Googling Foucault

A friend of mine recently posted on Facebook, “Why are there leftists who think Google is an appropriate means of anti-capitalist, anti-oppression pedagogy?” The first comment started talking about learning algorithms, as if such algorithms could somehow be politically, perhaps more importantly, contextually neutral.

Part of the discussion included the question, “If an encyclopedia reports reasonably accurately on, for example, slavery, does that make it pro-slavery or anti-slavery” and went on to say, “Google is a source of data, and in some cases, information”.

This of course leads to the question of whether learning algorithms are truly. One person shared a link to the bookWeapons of Math Destruction.
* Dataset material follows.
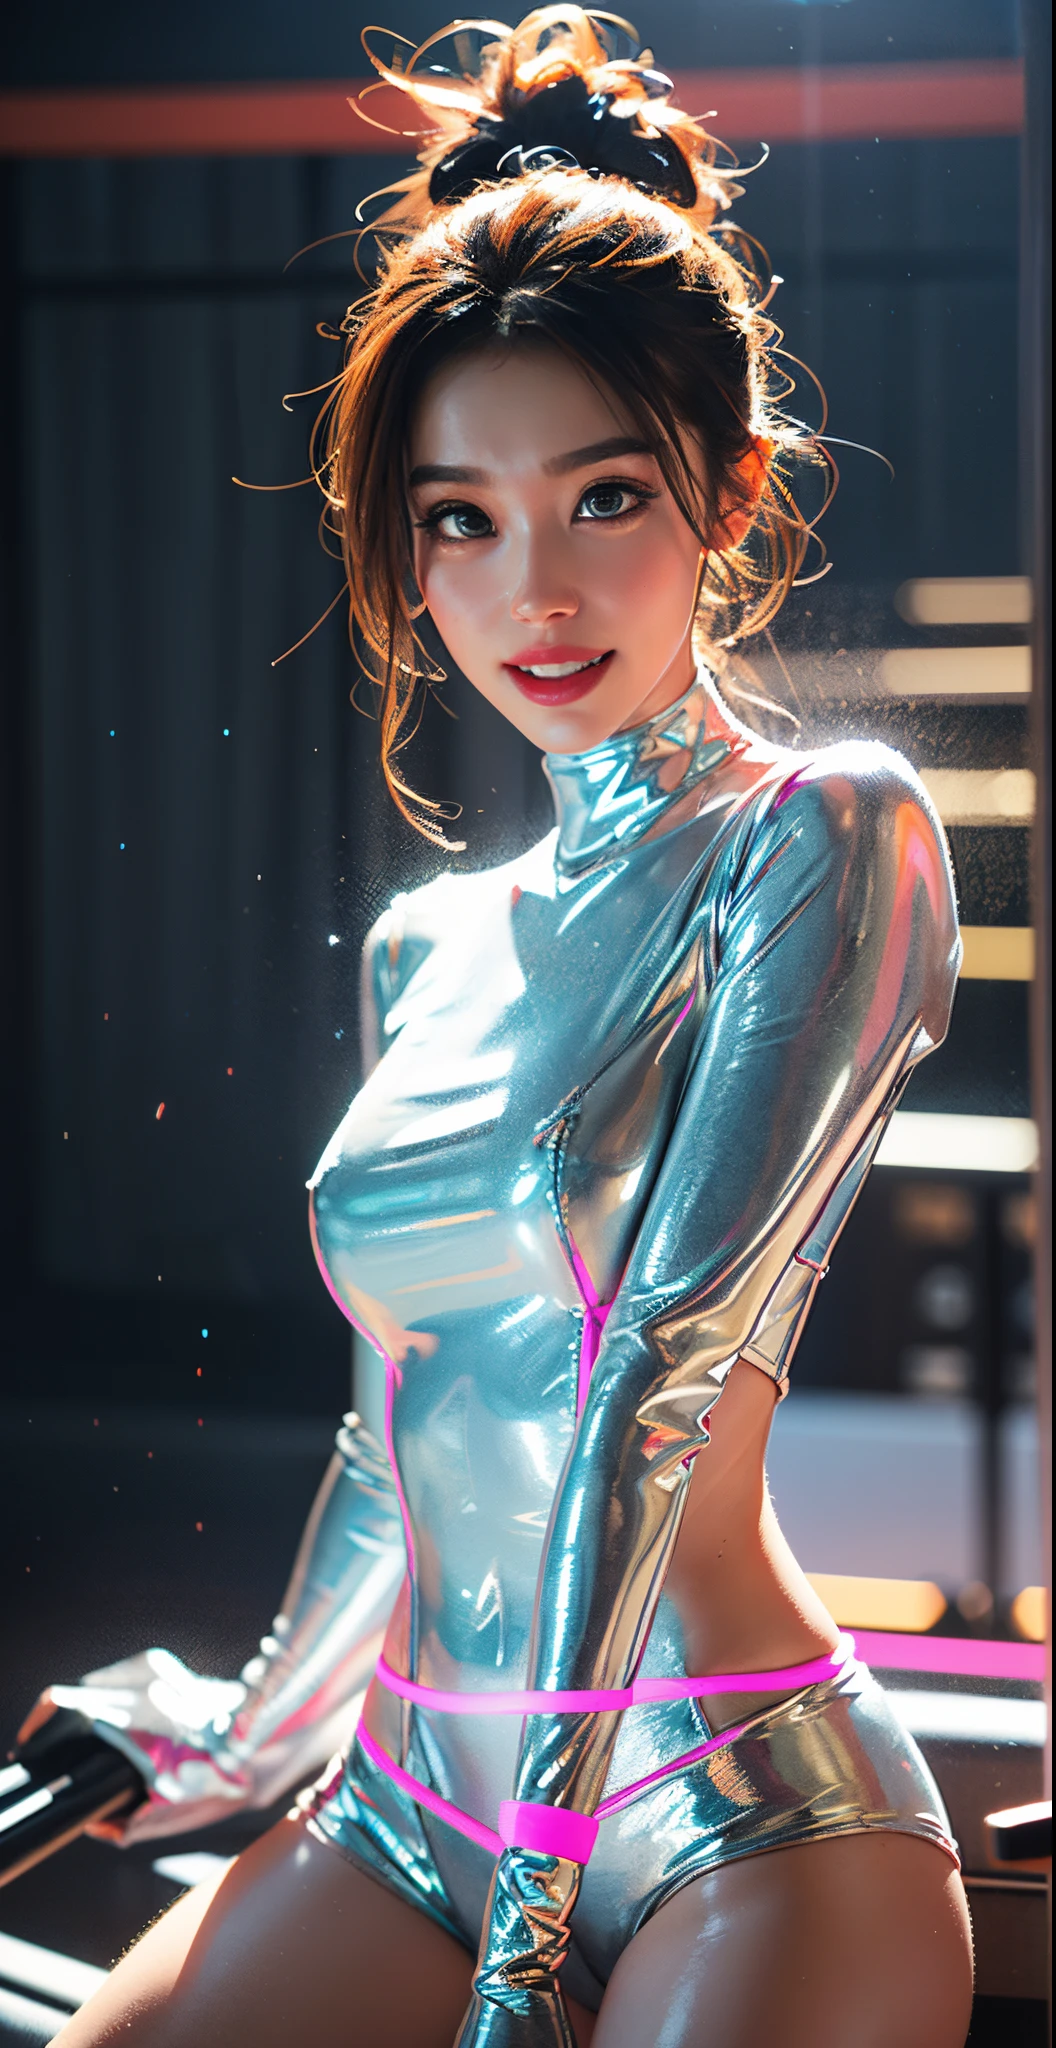 a glowing head made of glass and a glowing body made of glass, beautiful face, detail face, full body, long legs, nice smile, good arms and hands, pink neon glowing lights, amazing particles pulling out of the glass head and body, like droplets of glass floating, 8k highly detailed digital art, intricate artwork, octane render, mind-bending digital art, breathtaking digital art, 3d digital art, 8k hd wallpaper, volumetric lighting, highly reflective glass particles

I added to the discussion with a link to AI programs exhibit racial and gender biases, research reveals.

It seems to me that learning algorithms reflect the social context in which they were constructed. Unless there is some conscious effort by their creators, they end up re-enforcing the dominant narratives. This is than exacerbated if they factor in the choices of the users emphasizing the filter bubbles we all live in.

I must admit, most of what I know about Foucault comes from Googling him and reading various Wikipedia articles, but it seems like part of the response to this discussion is that people should Google Foucault; maybe even throw in some Deleuze, Guattari, Derrida, Fanon, Lacan, and others.

Then, as we move past learning algorithms, social constructs, and dominant narratives, perhaps we need to Google Freire as well, but that probably deserves its own blog post.